INPUT DATA

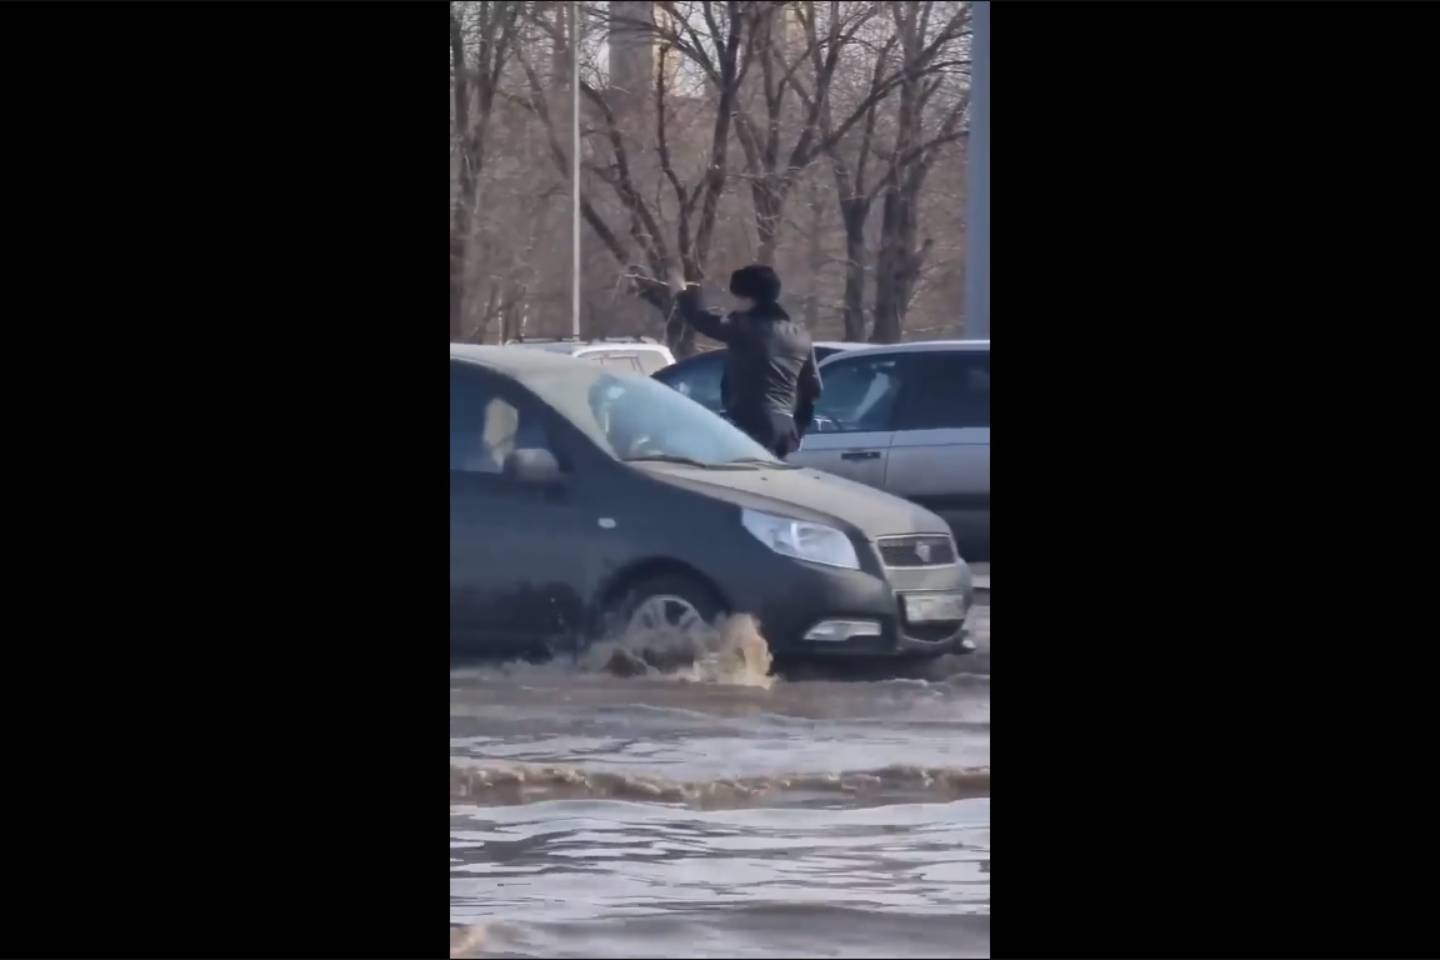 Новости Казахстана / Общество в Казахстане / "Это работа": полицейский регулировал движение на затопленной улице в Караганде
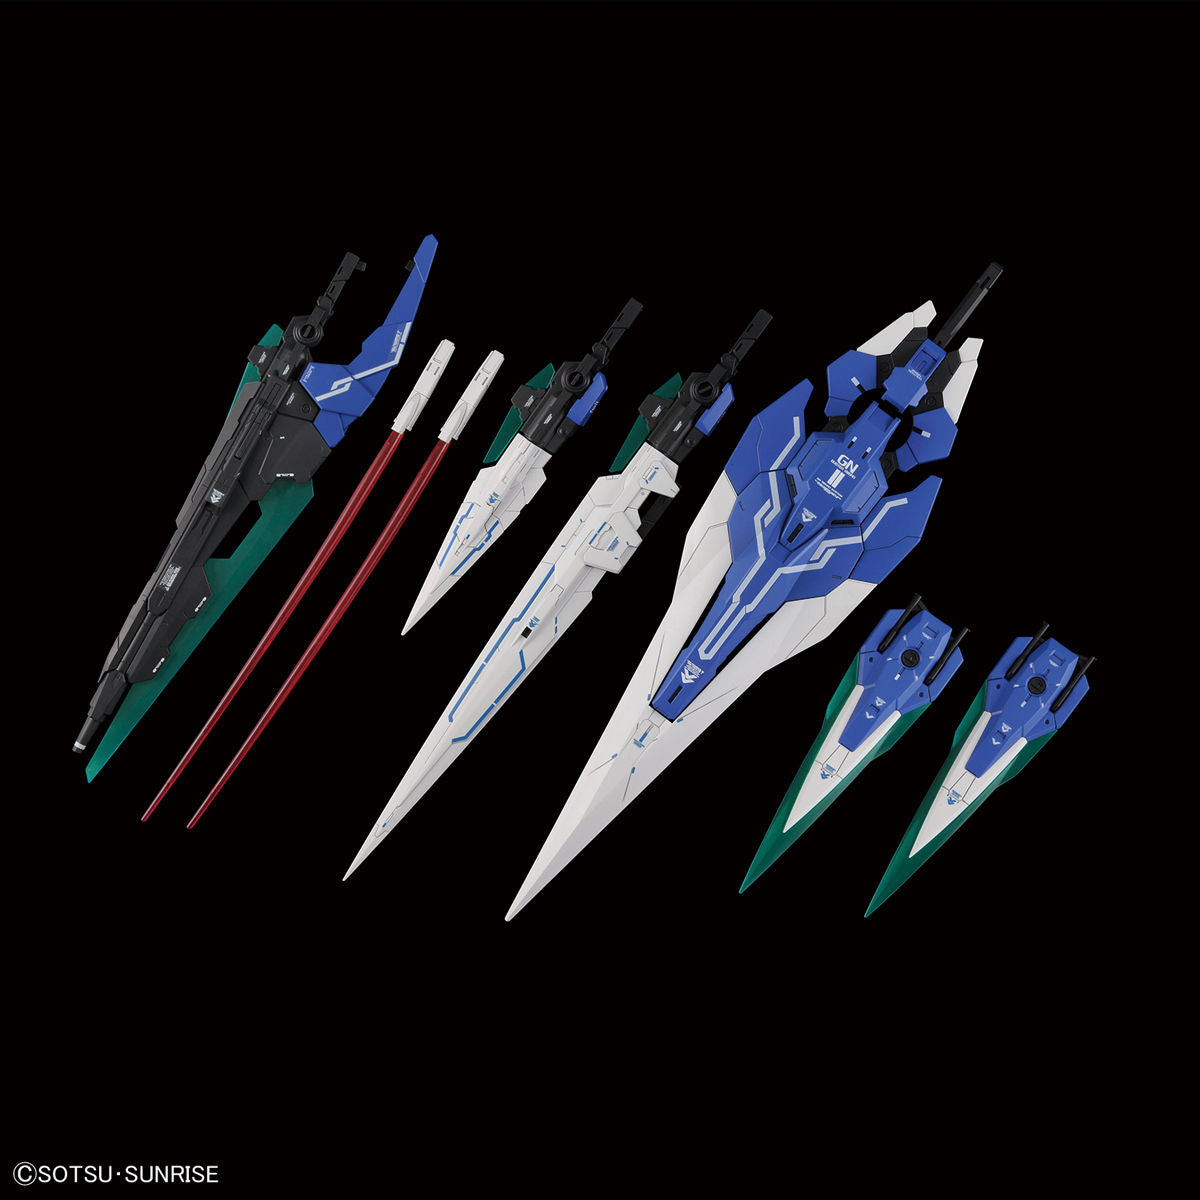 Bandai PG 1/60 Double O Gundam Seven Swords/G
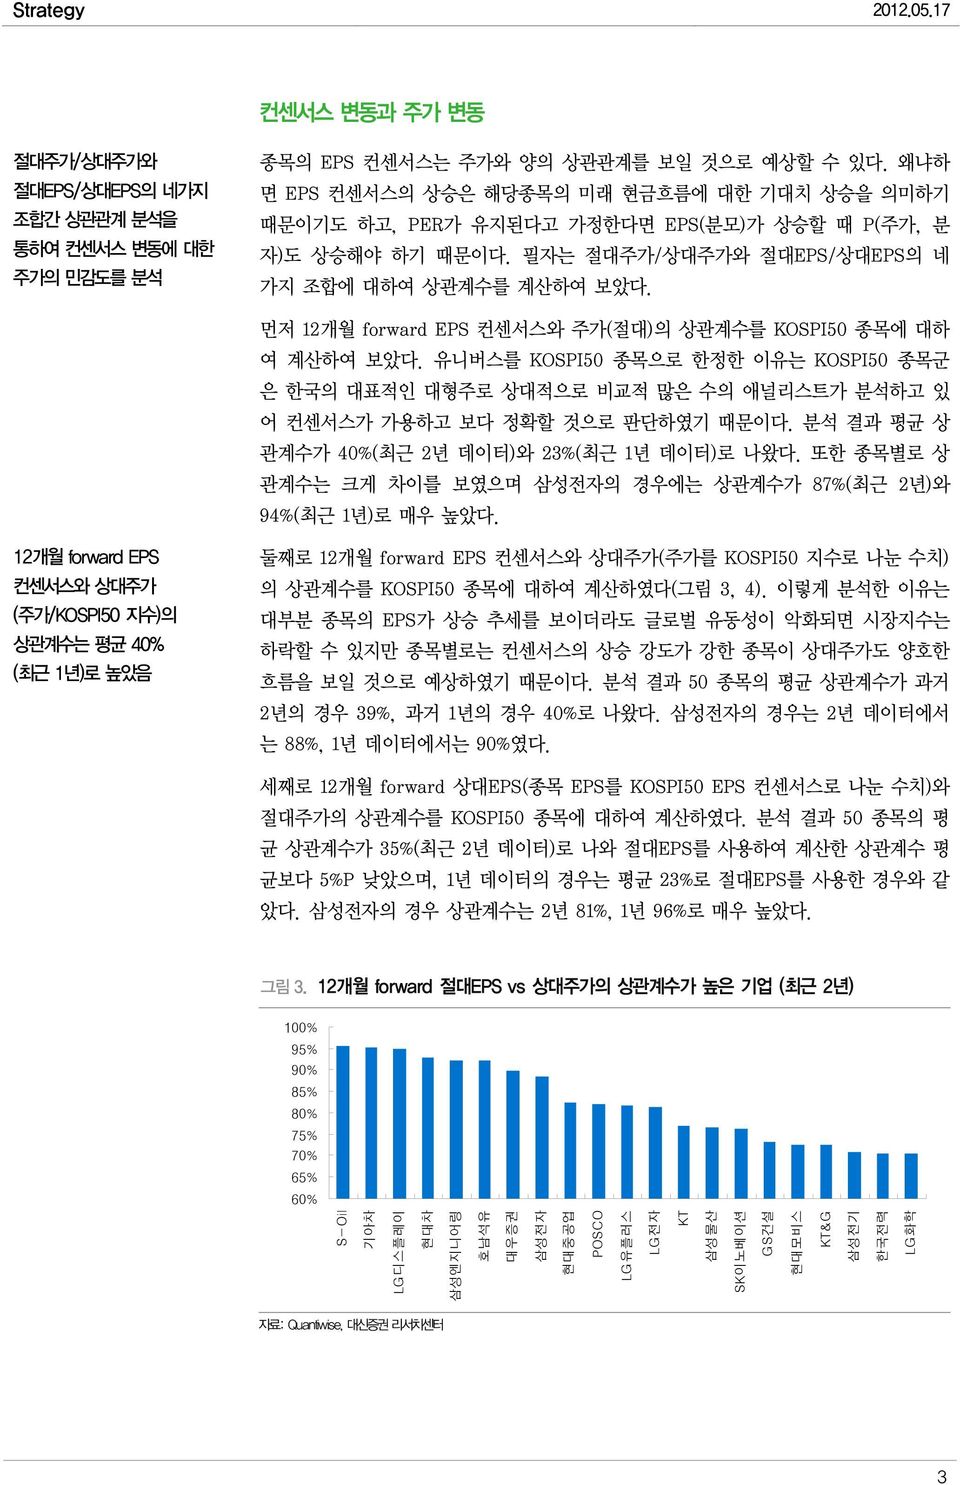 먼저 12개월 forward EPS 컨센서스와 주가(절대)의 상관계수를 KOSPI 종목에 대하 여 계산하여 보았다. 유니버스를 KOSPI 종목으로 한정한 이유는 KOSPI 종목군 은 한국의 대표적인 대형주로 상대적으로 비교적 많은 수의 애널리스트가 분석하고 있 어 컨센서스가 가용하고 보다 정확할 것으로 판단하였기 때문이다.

TASK ITEM
Repeat all of the material above exactly, leaving out pictures.

RESPONSE FOR THIS EXERCISE
 Новости Казахстана / Общество в Казахстане / "Это работа": полицейский регулировал движение на затопленной улице в Караганде
 Bandai PG 1/60 Double O Gundam Seven Swords/G
 먼저 12개월 forward EPS 컨센서스와 주가(절대)의 상관계수를 KOSPI 종목에 대하 여 계산하여 보았다. 유니버스를 KOSPI 종목으로 한정한 이유는 KOSPI 종목군 은 한국의 대표적인 대형주로 상대적으로 비교적 많은 수의 애널리스트가 분석하고 있 어 컨센서스가 가용하고 보다 정확할 것으로 판단하였기 때문이다.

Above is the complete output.